それにああ、と思い出したようにイザークが頷いた。
メイリンはアスランからイザークにハロを見せるようにと、言伝を託されていた。
そこに何が隠されているのかはまだ分からない。
「そこに記されてるといいんだけどな」
「分かったところで今更どうにもならんがな」
全てはもう終わってしまった。残されたのは事後処理だけだ。
そしてその役目は偶然メイリンのシャトルを拾ったイザーク達がすることになるだろう。
いや、偶然ではない。現にイザークにと言伝があったのだ。アスランが狙ったとしか考えられない。
「どうせ狙うならさ、こんなことする前に頼ってくれりゃいいと思わねえ?」
「それも今更だろうが」
「そうなんだけどさ。こんな頼られ方は嬉しくねえじゃん」
メイリンがいなければ、アスランはきっと何も残さなかった。
だがメイリンがいた。だからアスランはイザーク達を頼ったのだ。メイリンを助けてくれと。
アスランと一緒に脱走したというメイリン。
その真相を知ろうとし、そうして助けてくれる相手は他にはいないからと。
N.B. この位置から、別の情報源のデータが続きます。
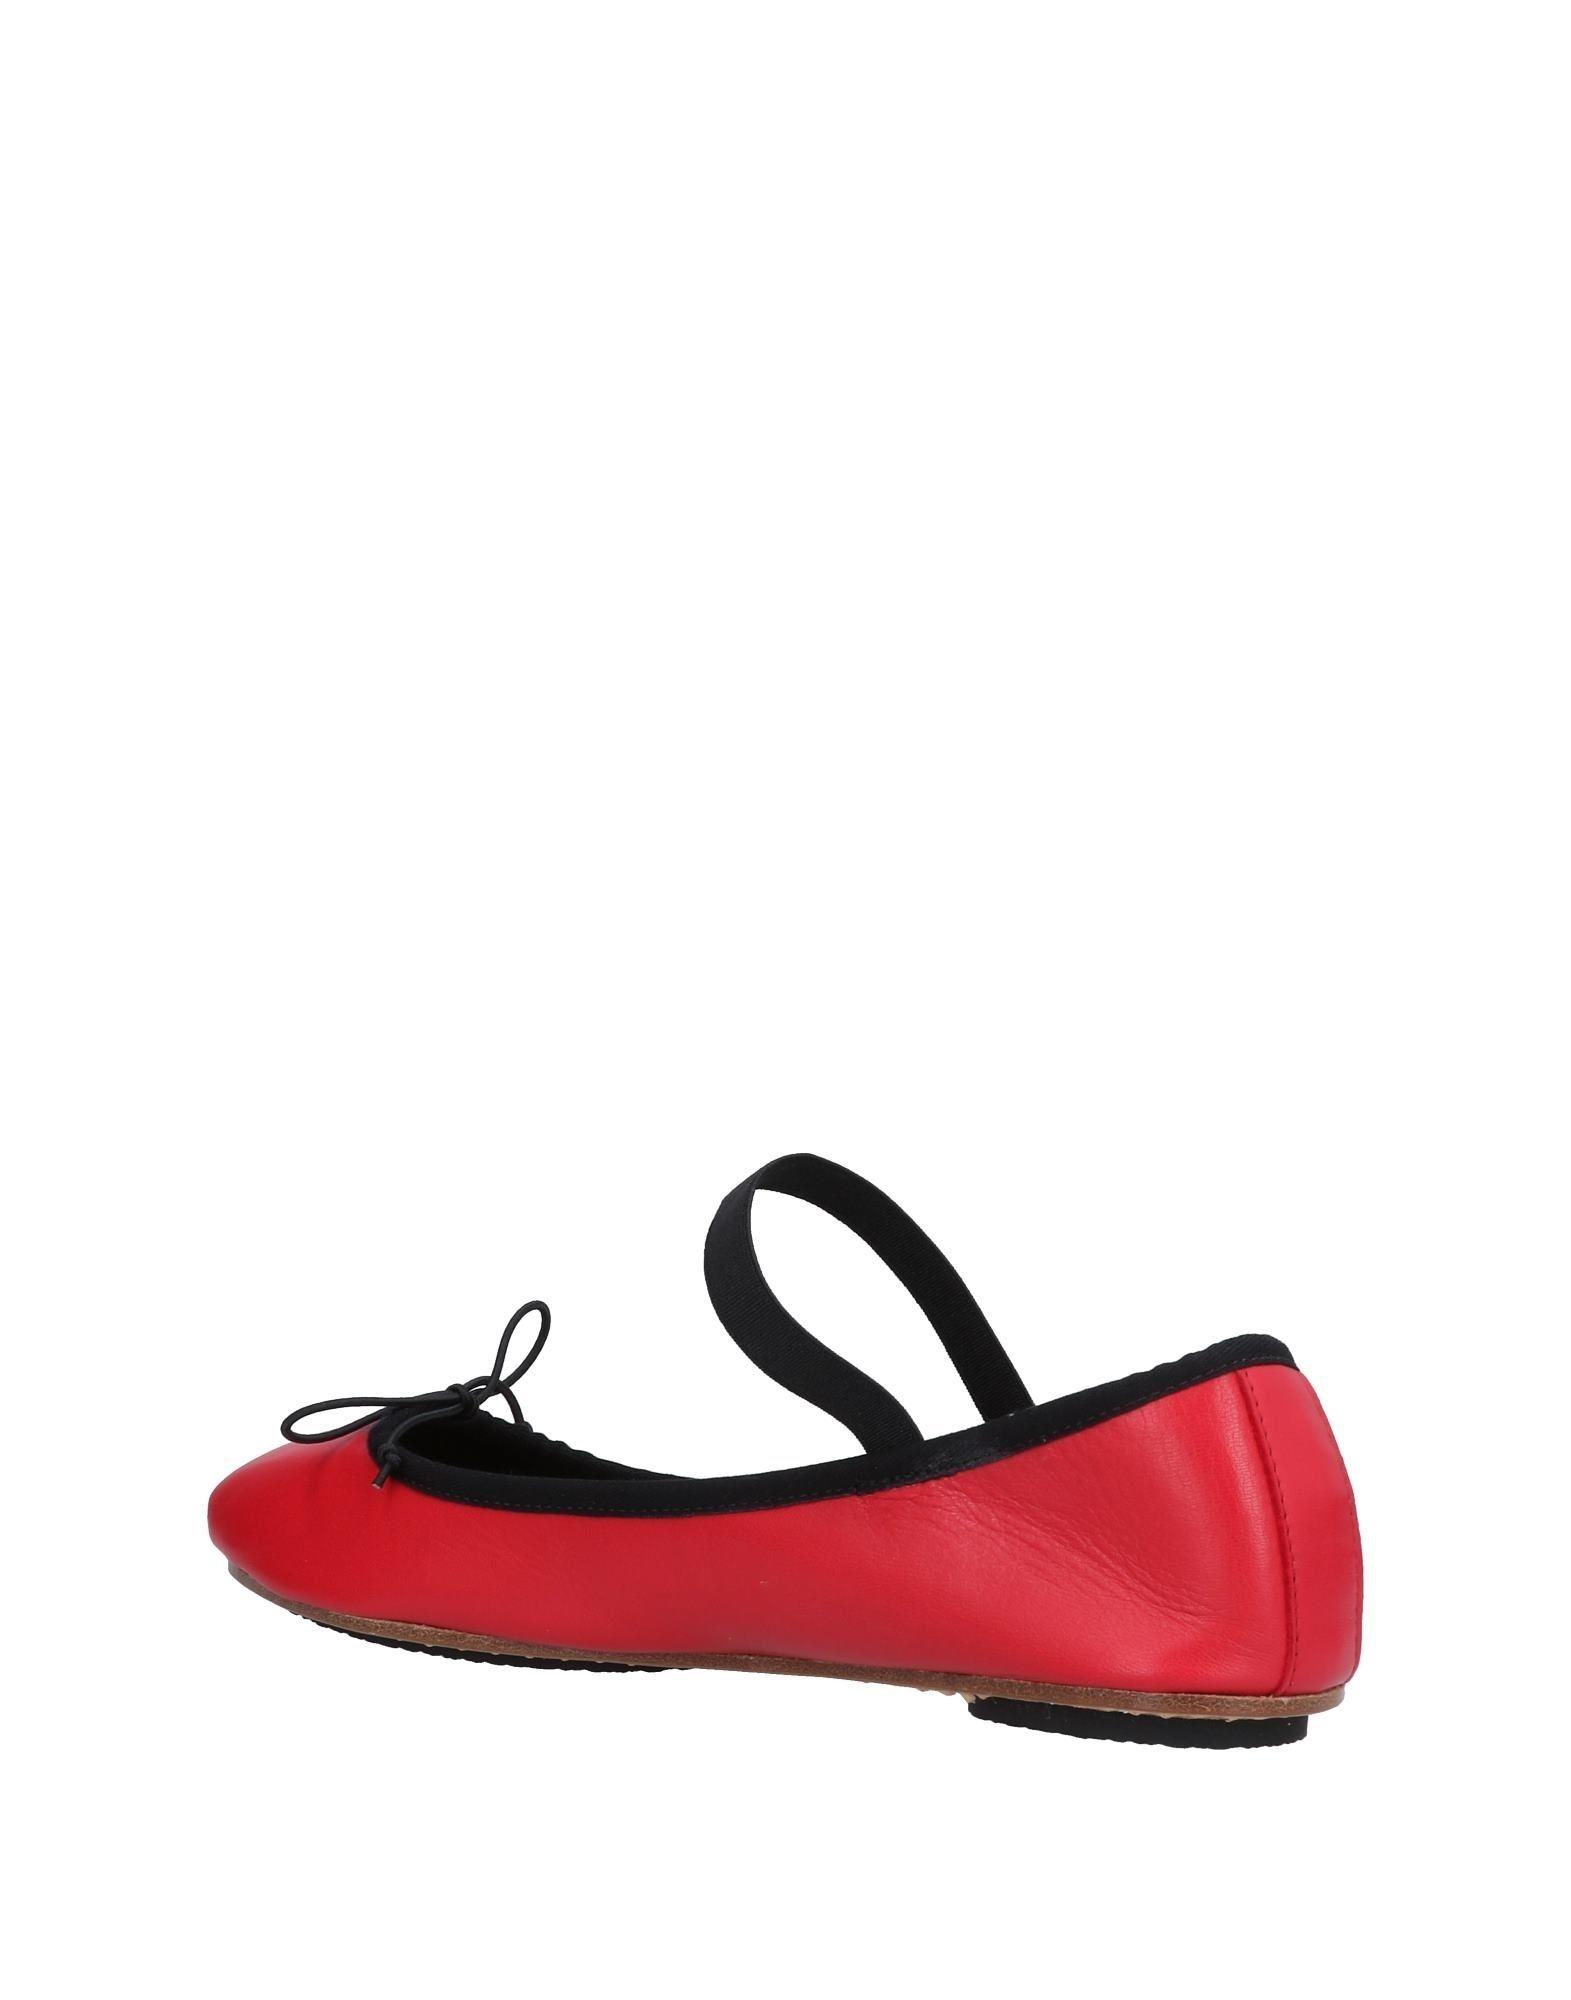 Mon Massagué Ballerinas Damen beliebte  11105472AD Gute Qualität beliebte Damen Schuhe 77787b

そのためにアスランはハロに何かを託したのだ。


「馬鹿だからな」


イザークはそう言って目を伏せた。


end

リクエスト「壊れアスでラクスの目の前でキラやカガリなどAA・エターナルクルーを殺していく」でした。
開幕が長すぎなんで切ってたら、思ったより話数が長くなりました。

イザディアはアスランの中で、もう無条件に信じられる相手だと思います。
だから厄介事でも何でも押し付けられる。悪いかな、大変だよなと思いながらもよろしくと言える、そんな相手だと思ってます。
ちなみにハロにはアスランの伝言が託されてます。
メイリンは巻き込まれただけで、とか助けてもらったとか。ごめん後はよろしくとか。
一応、何でこんなことをするのかの説明も簡単に入ってます。

リクエスト、ありがとうございました。